_Directions_
A faithful copy of the data, pictures omitted, is the required answer.

_Provided data_
:::::

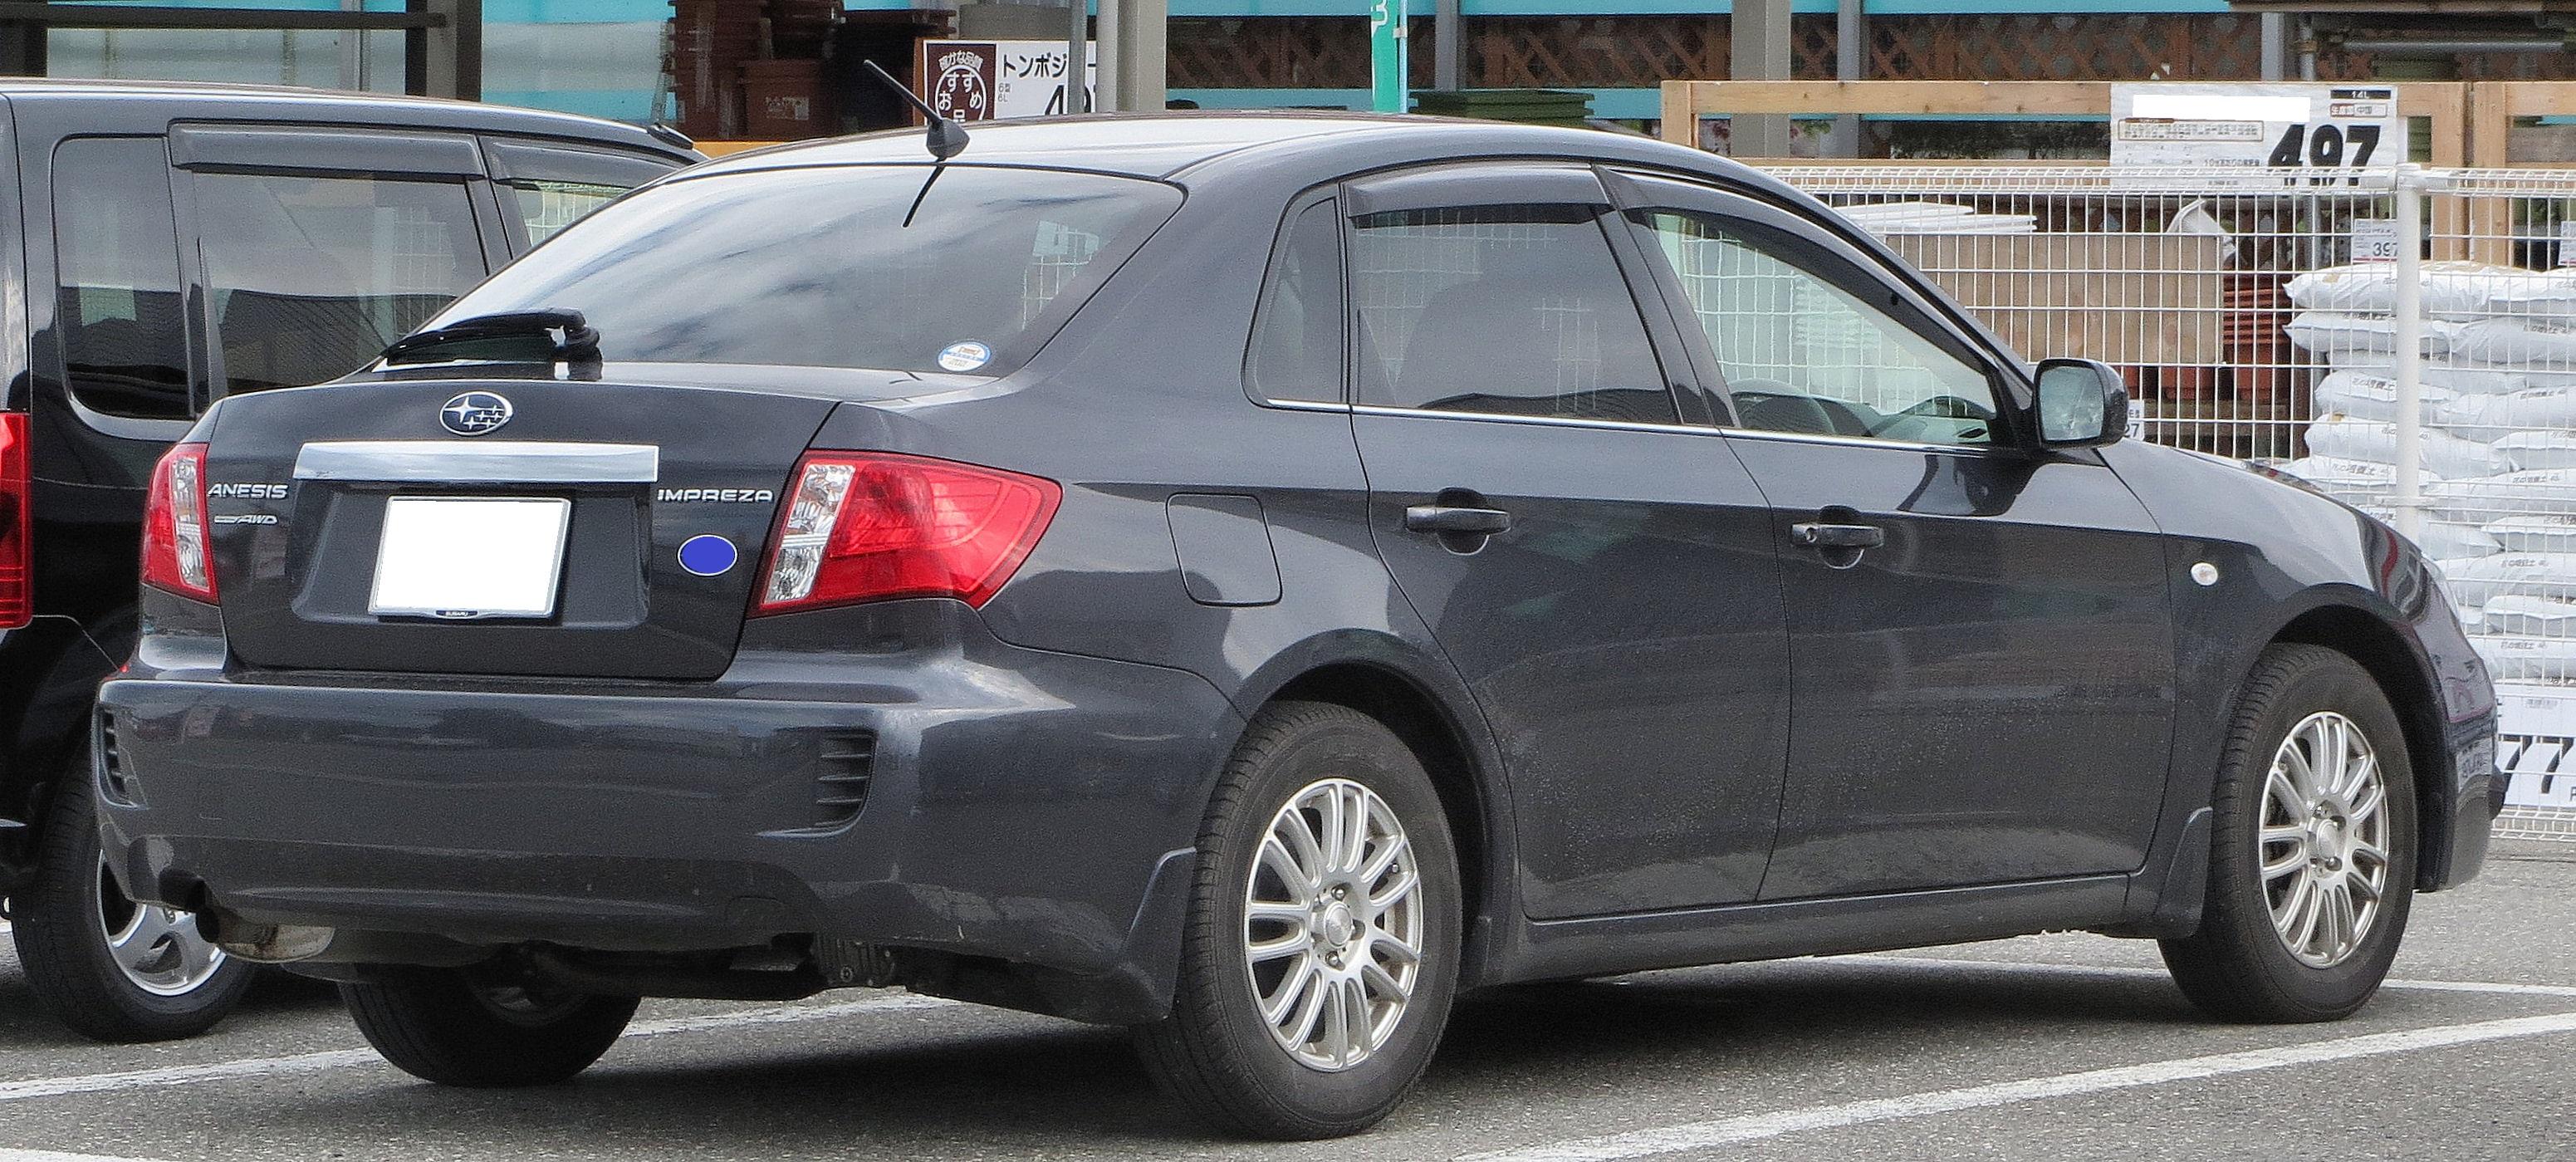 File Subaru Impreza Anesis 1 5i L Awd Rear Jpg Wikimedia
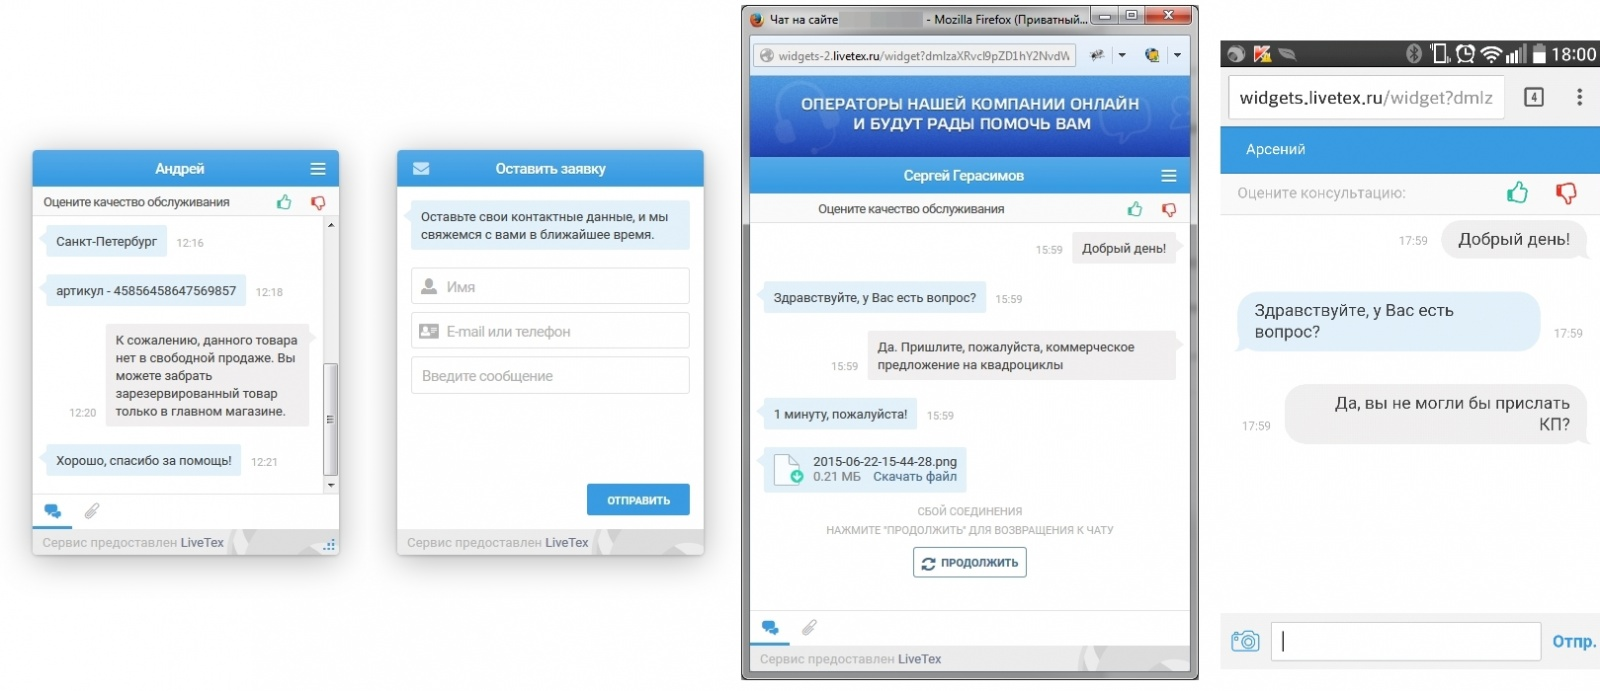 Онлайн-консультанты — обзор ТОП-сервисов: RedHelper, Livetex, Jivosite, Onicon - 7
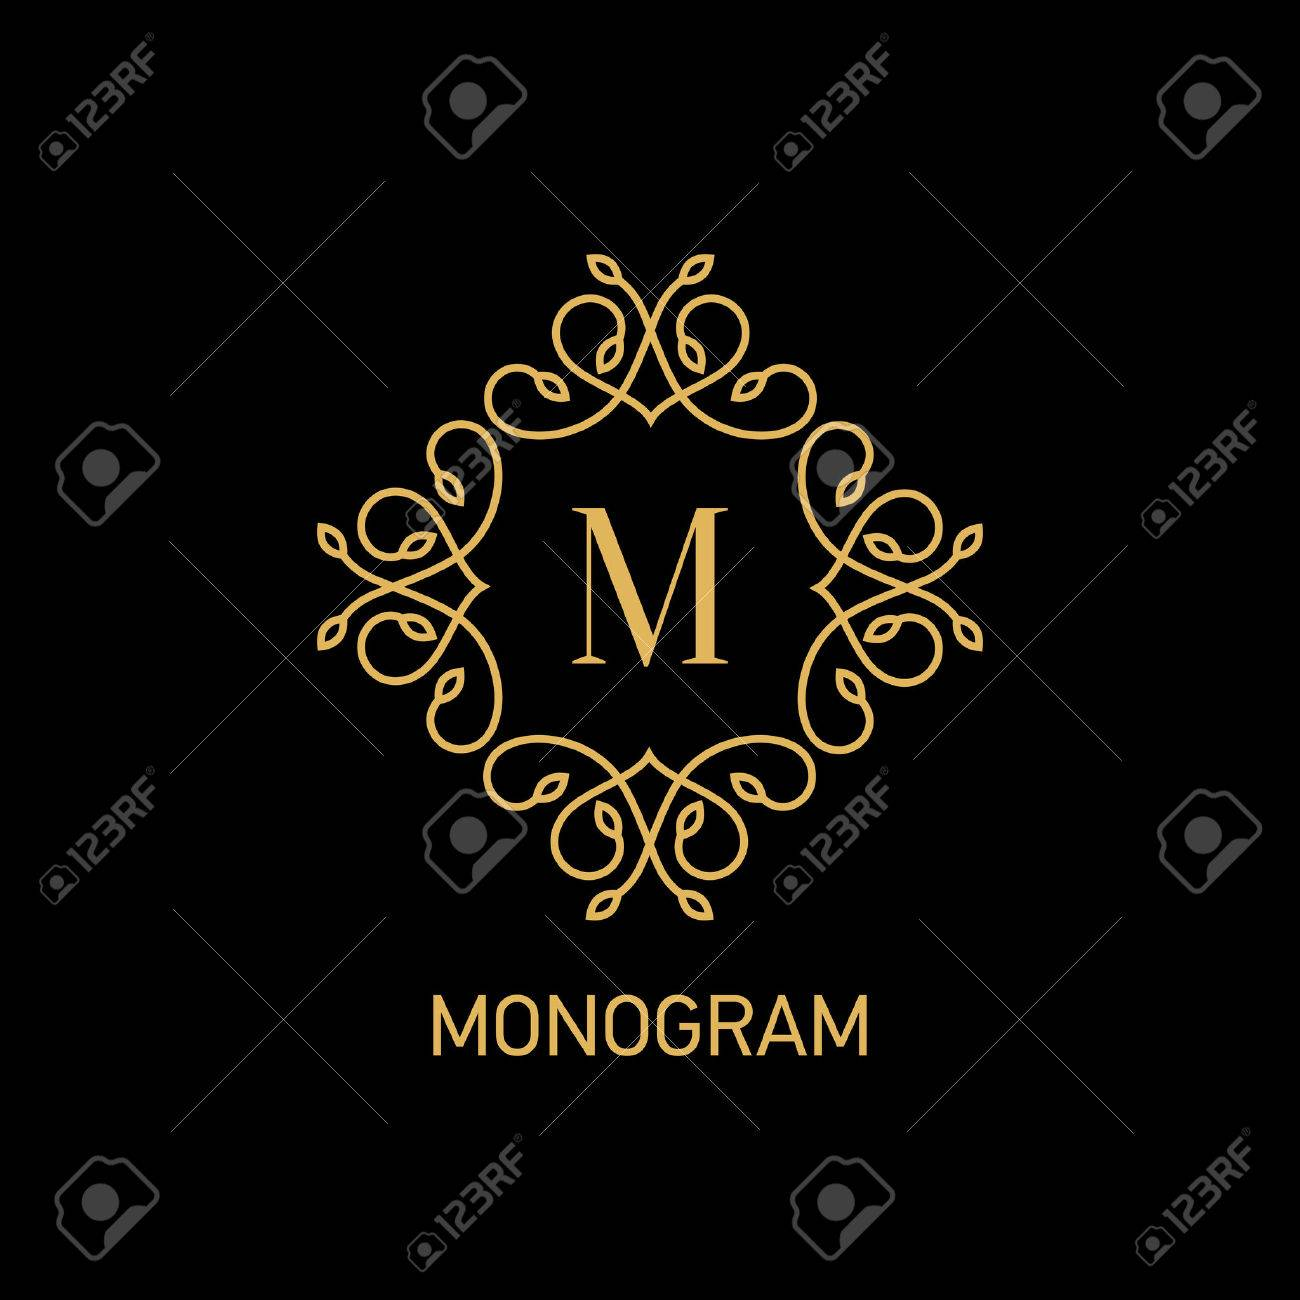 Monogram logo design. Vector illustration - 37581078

:::::

_Your solution_
 File Subaru Impreza Anesis 1 5i L Awd Rear Jpg Wikimedia
 Онлайн-консультанты — обзор ТОП-сервисов: RedHelper, Livetex, Jivosite, Onicon - 7
 Monogram logo design. Vector illustration - 37581078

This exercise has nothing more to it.